• [Dataset content]:

+ + + + +

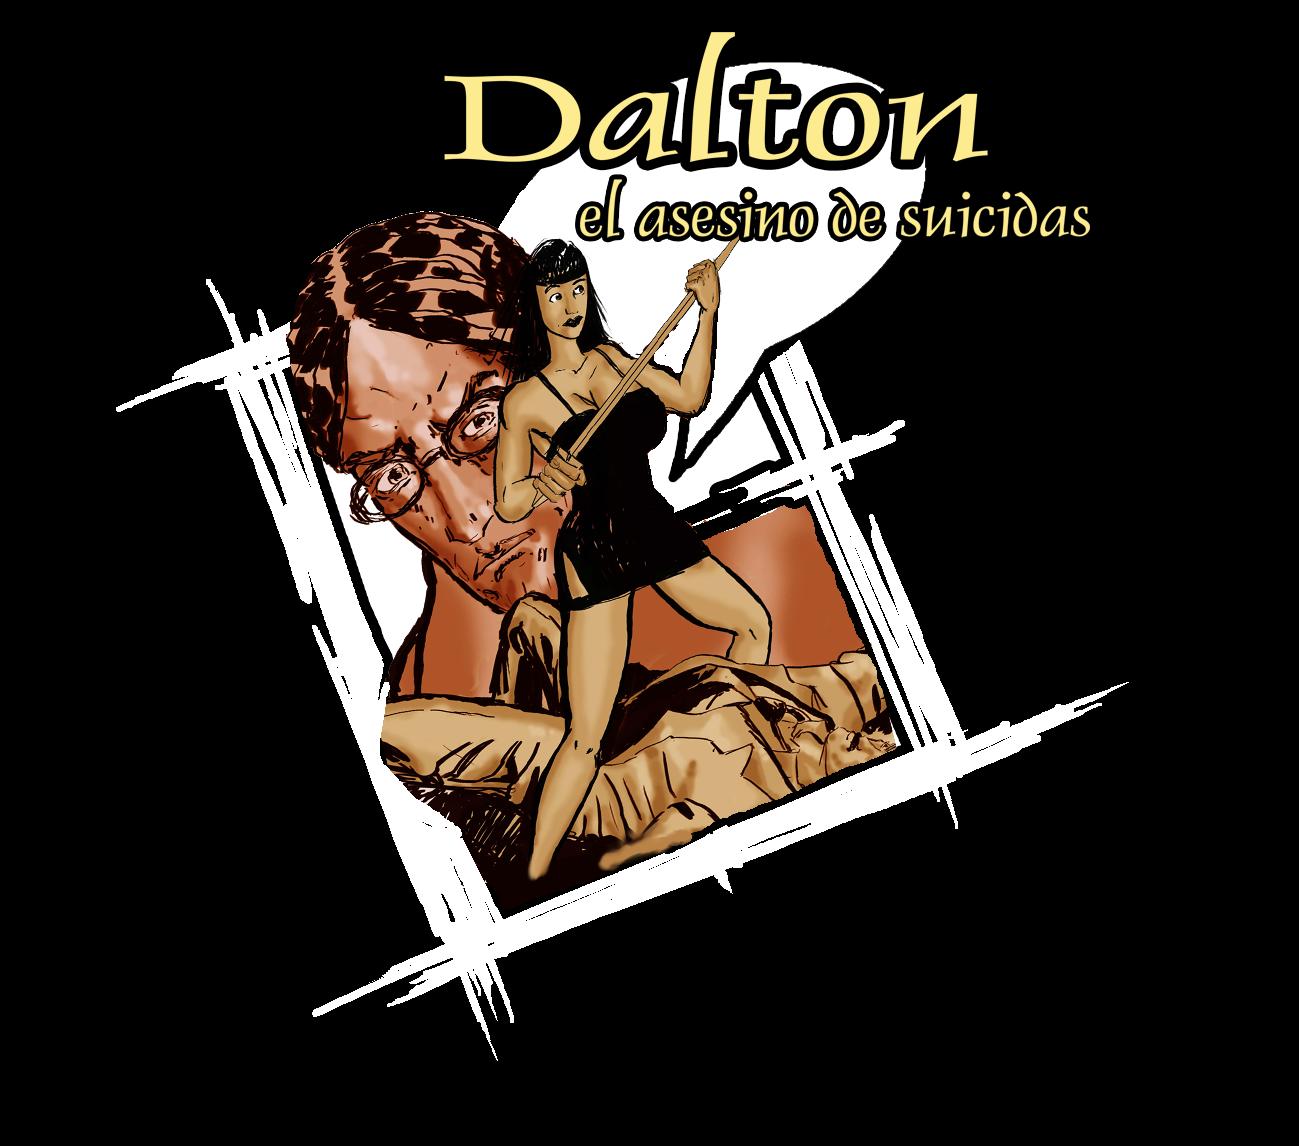 Dalton (el asesino de suicidas)
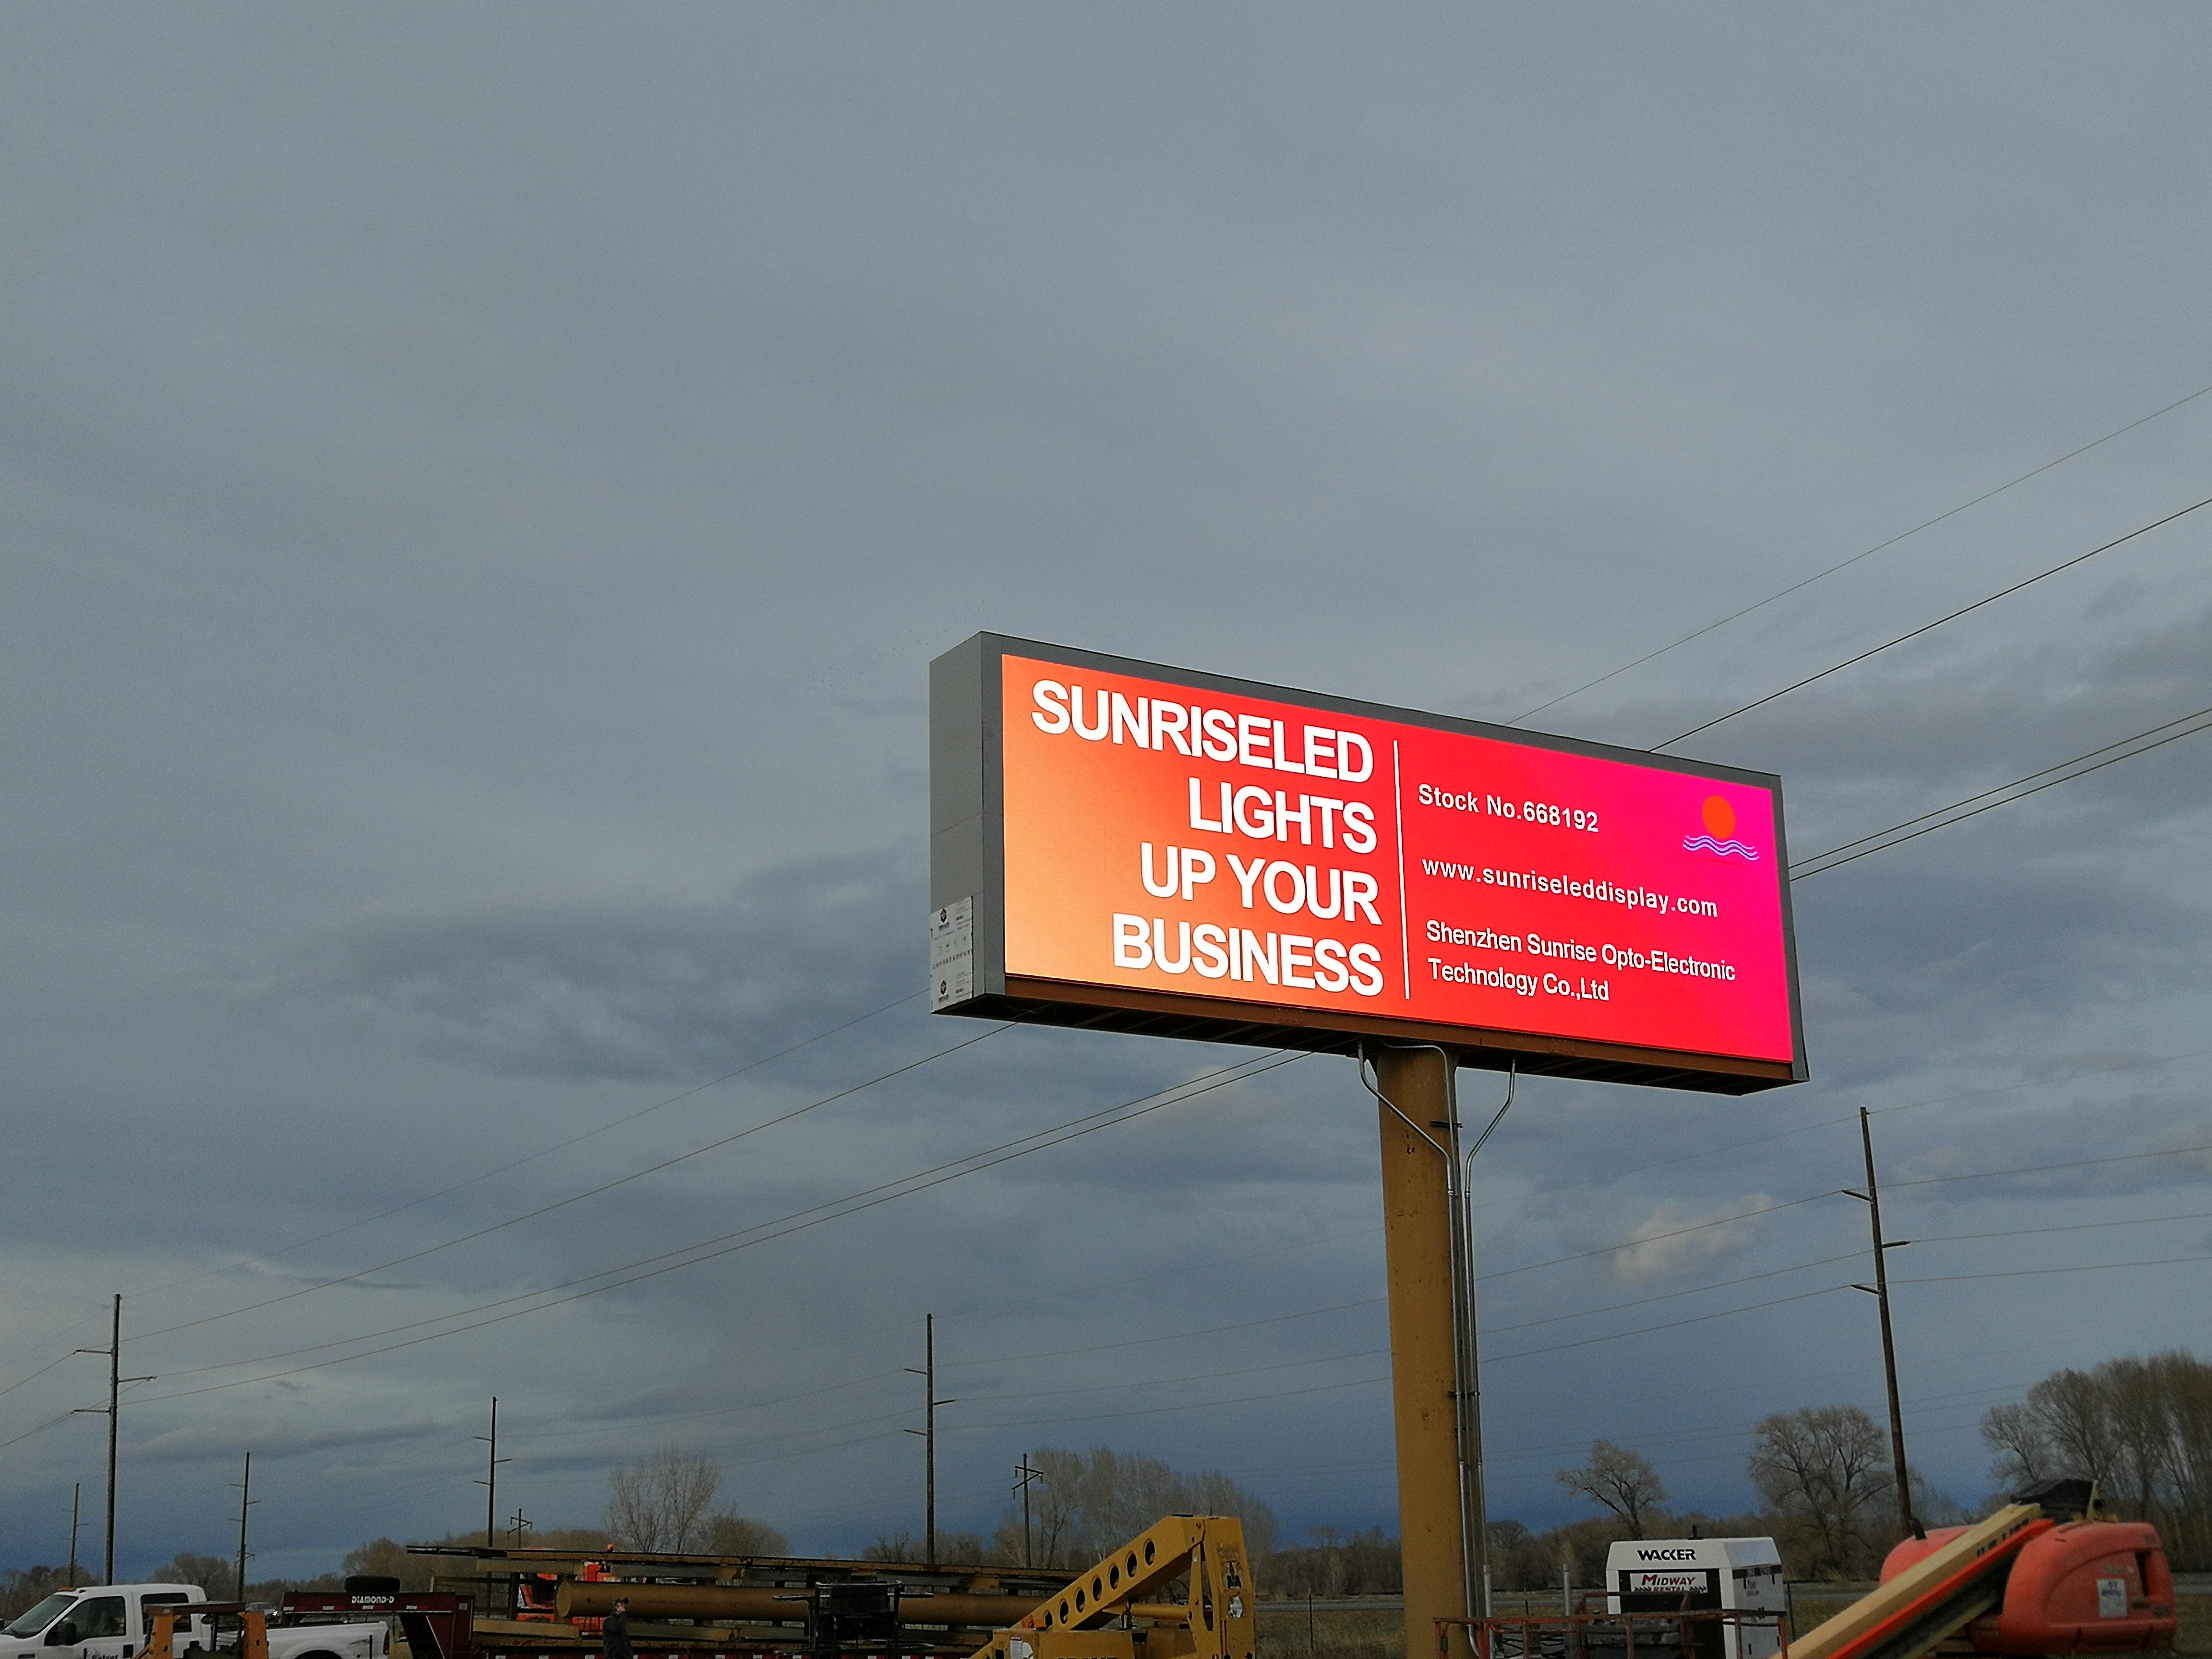 HD светодиодный рекламный щит загорается в Айдахо
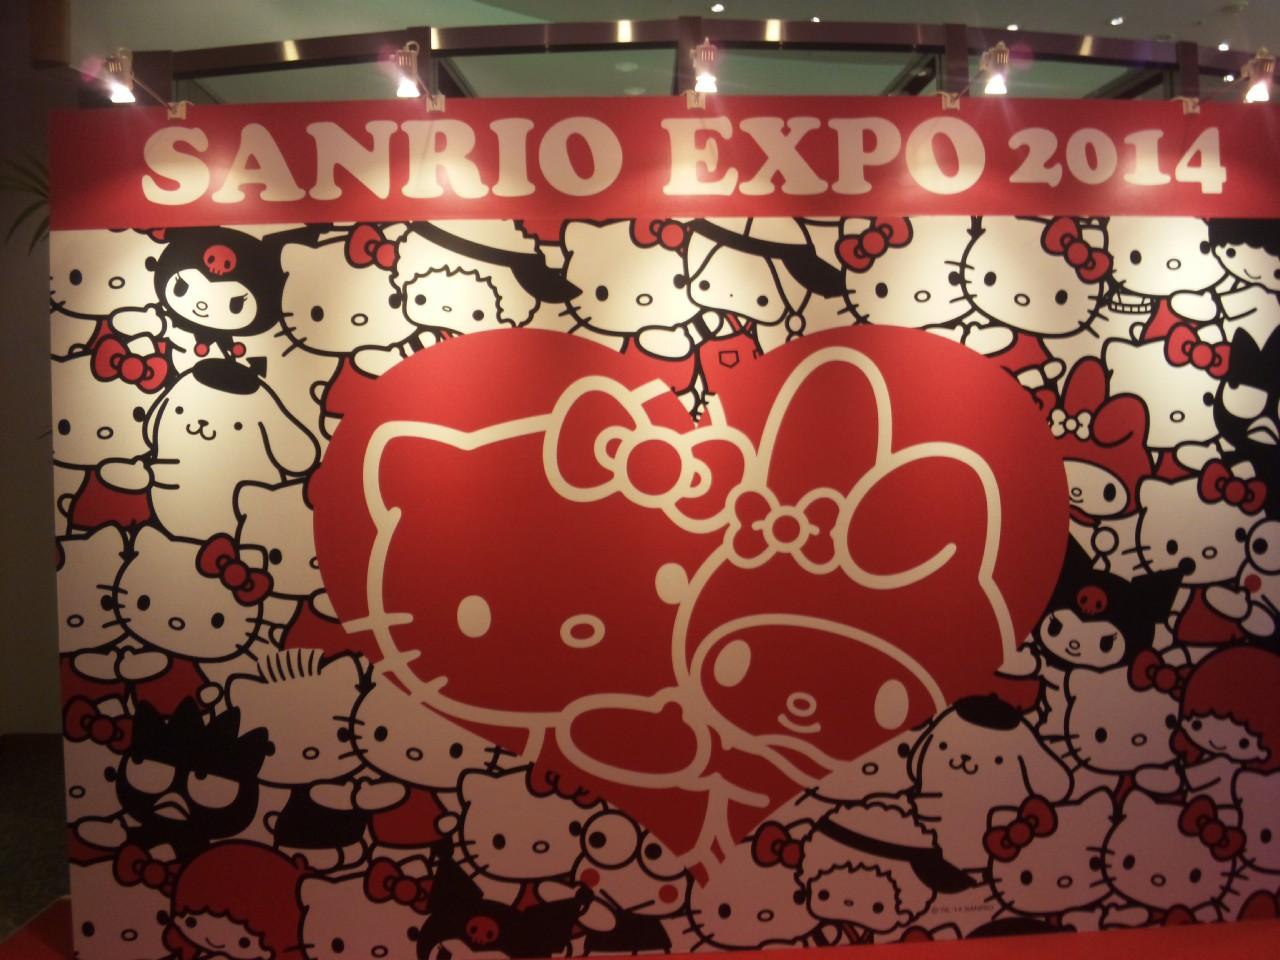 SANRIO EXPO 2014!

+ + + + +

• [Task to complete]: Every line of the listing above is to be repeated exactly, with its pictures left out.

• [Answer for this exercise]:
 Dalton (el asesino de suicidas)
 HD светодиодный рекламный щит загорается в Айдахо
 SANRIO EXPO 2014!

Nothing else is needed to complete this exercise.